**THE INPUT**
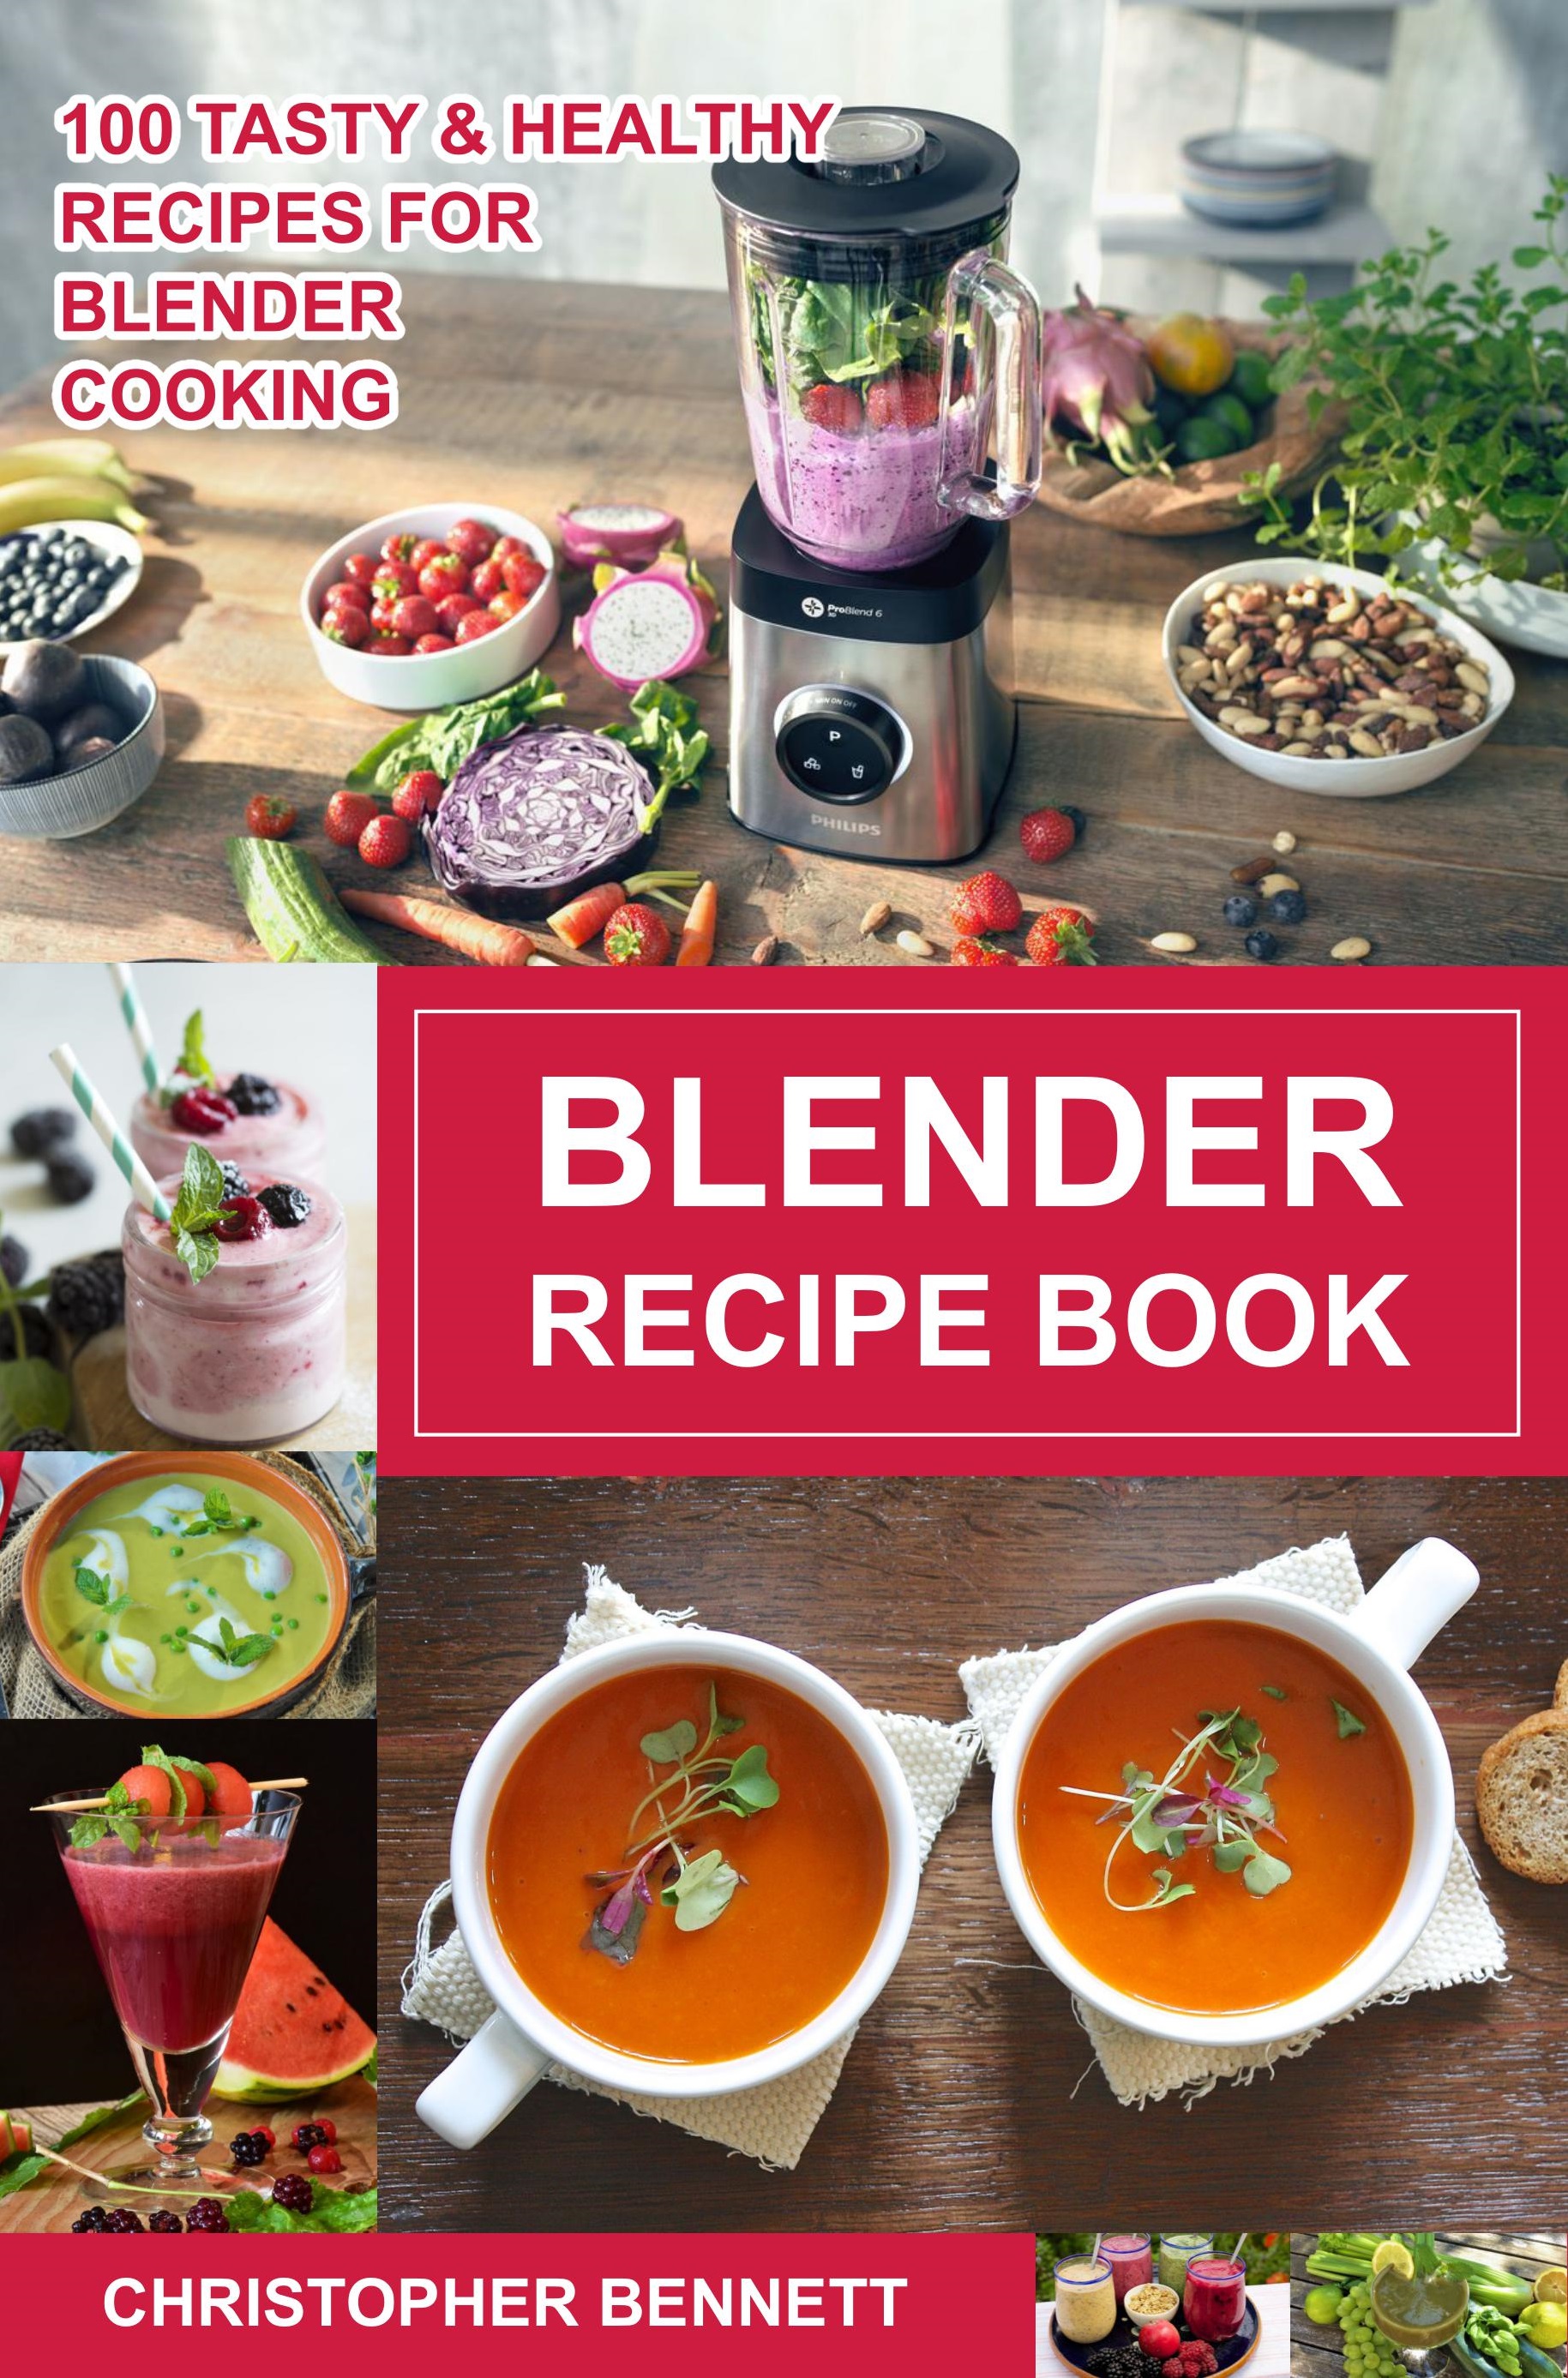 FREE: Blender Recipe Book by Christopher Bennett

==

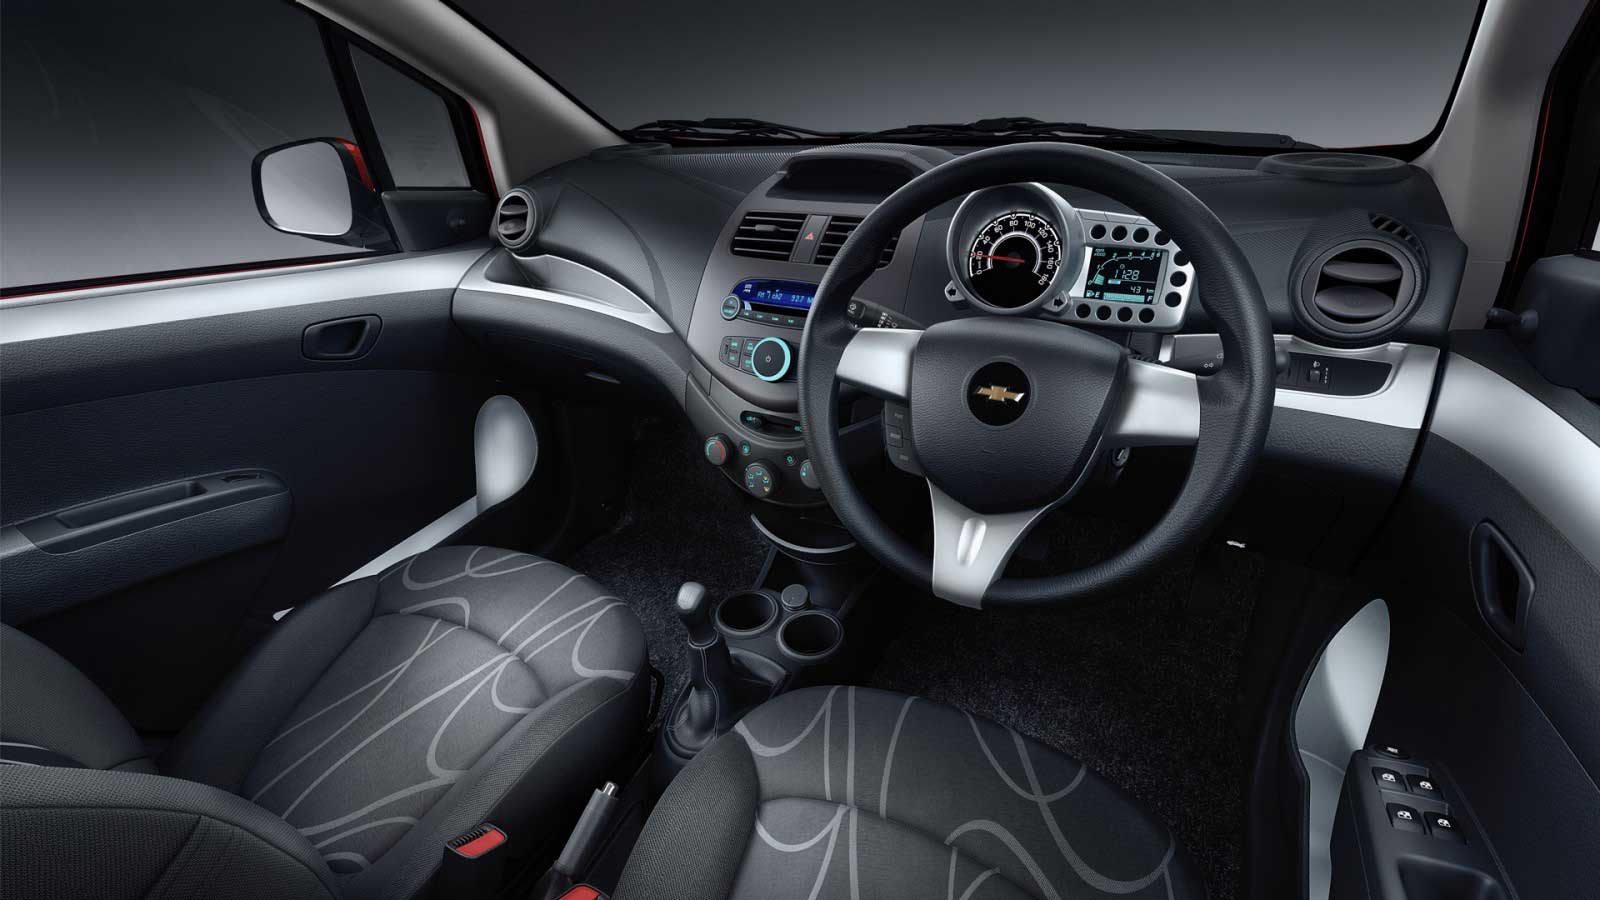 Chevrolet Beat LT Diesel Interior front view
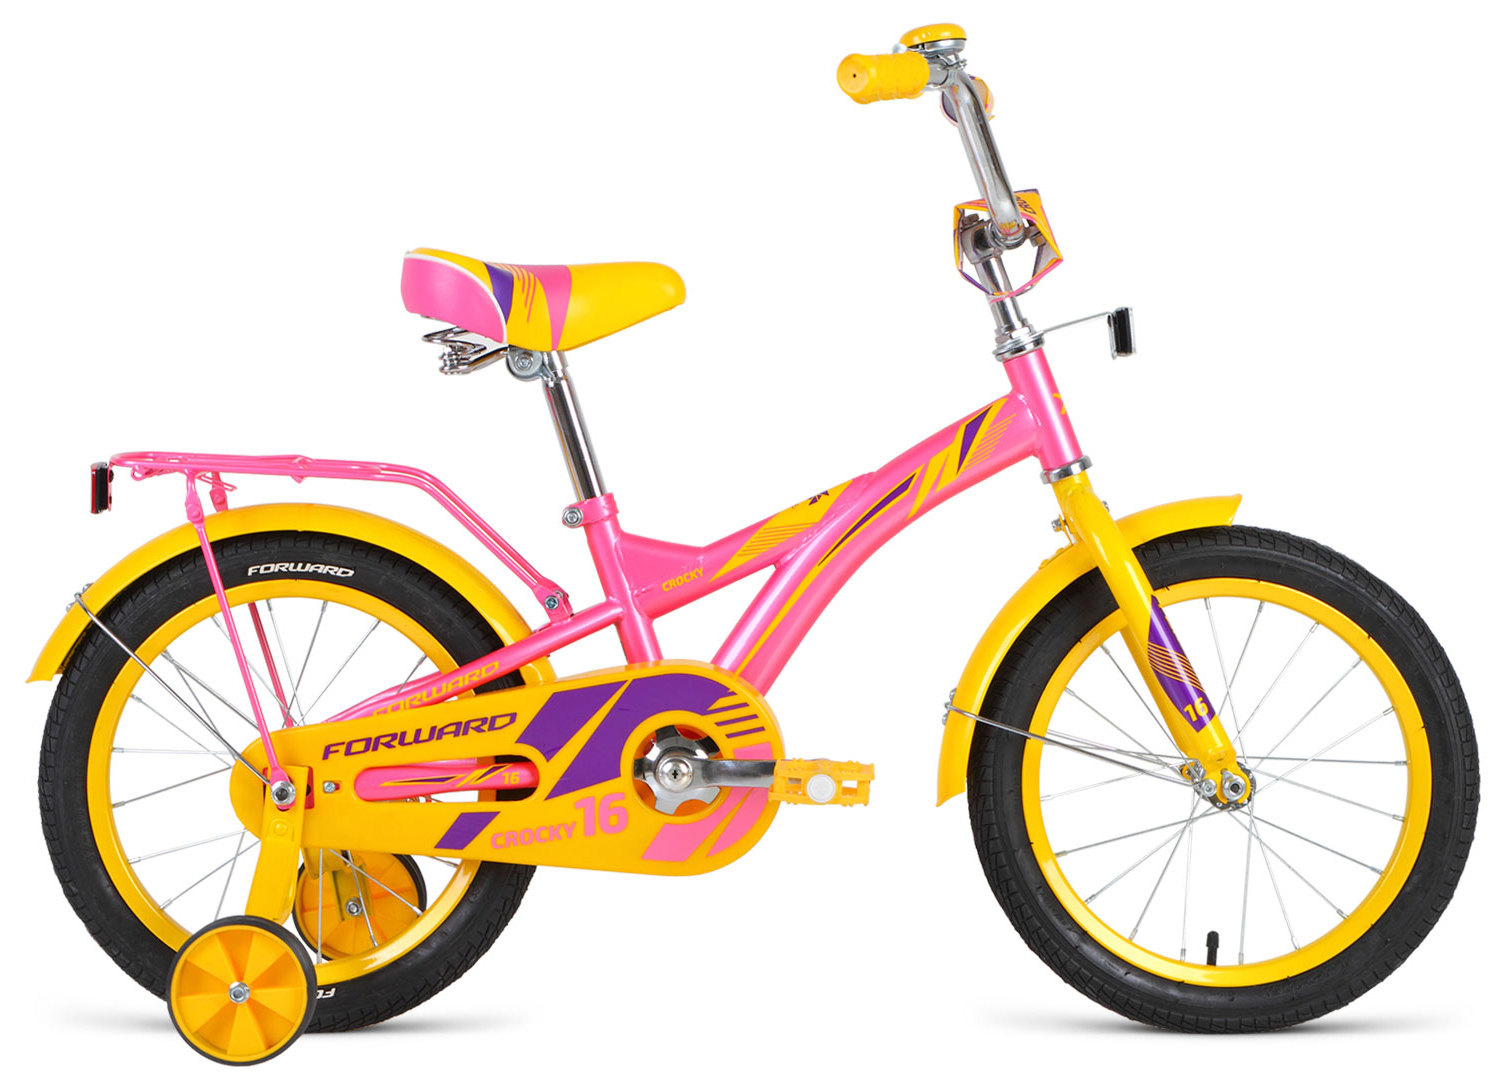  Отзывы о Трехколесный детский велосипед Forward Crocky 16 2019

--

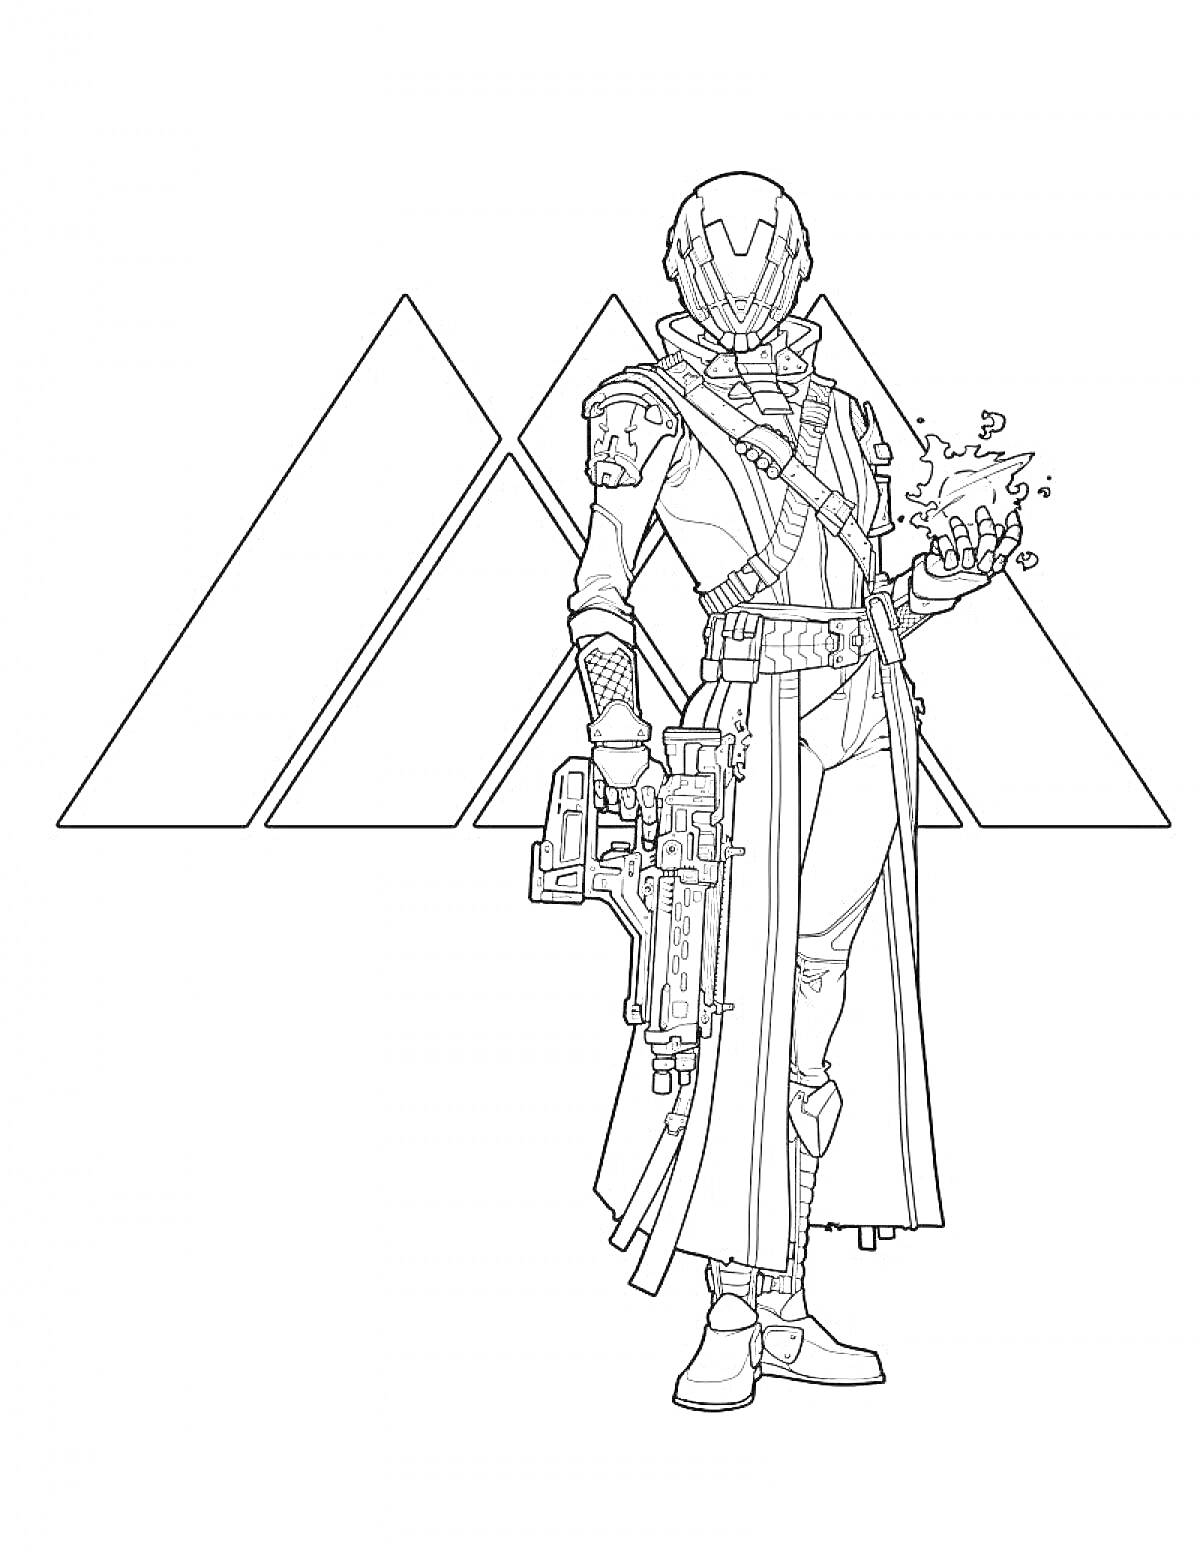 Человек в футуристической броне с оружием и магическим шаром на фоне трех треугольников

**DESCRIPTION OF THE TASK**
Lines wanted from the entries above: the one with "Chevrolet Beat LT Diesel Interior front view", the one with "Отзывы о Трехколесный", and all lines between. Please copy them exactly, without the pictures and without anything else.

**RESULT**
 Chevrolet Beat LT Diesel Interior front view
  Отзывы о Трехколесный детский велосипед Forward Crocky 16 2019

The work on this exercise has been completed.